Extracted data entries

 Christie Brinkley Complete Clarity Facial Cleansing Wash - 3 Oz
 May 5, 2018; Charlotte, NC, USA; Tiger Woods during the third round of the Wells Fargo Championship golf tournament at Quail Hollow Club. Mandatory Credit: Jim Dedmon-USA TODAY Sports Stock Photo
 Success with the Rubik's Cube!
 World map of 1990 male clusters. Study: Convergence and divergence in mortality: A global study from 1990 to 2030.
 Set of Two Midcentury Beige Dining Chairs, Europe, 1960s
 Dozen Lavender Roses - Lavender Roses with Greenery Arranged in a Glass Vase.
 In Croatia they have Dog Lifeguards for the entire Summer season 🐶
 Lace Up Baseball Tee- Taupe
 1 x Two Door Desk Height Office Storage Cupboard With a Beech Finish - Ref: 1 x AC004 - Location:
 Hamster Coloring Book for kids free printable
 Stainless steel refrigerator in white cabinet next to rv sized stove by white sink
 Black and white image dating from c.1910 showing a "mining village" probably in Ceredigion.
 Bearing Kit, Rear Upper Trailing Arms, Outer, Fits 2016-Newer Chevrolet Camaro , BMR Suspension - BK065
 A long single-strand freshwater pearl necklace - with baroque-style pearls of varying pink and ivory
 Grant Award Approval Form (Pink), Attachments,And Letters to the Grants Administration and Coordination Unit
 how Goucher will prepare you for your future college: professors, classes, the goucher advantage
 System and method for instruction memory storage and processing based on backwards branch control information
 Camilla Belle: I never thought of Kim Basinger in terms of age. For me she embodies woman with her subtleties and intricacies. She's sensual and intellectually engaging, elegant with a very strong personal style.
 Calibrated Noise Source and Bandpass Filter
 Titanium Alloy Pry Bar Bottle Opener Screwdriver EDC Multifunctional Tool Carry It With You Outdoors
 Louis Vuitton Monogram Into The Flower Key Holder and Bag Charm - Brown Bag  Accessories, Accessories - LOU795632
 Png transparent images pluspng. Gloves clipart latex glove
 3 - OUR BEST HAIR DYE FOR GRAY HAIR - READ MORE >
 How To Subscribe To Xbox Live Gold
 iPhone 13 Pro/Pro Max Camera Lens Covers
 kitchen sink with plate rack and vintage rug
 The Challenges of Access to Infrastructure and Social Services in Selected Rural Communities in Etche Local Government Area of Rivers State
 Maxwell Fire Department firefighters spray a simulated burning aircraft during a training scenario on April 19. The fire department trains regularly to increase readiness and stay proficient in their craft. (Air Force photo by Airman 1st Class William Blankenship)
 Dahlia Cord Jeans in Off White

» **Try it**:
Check the lines above and copy each one that includes "sink".

» **Output of the exercise**:
 Stainless steel refrigerator in white cabinet next to rv sized stove by white sink
 kitchen sink with plate rack and vintage rug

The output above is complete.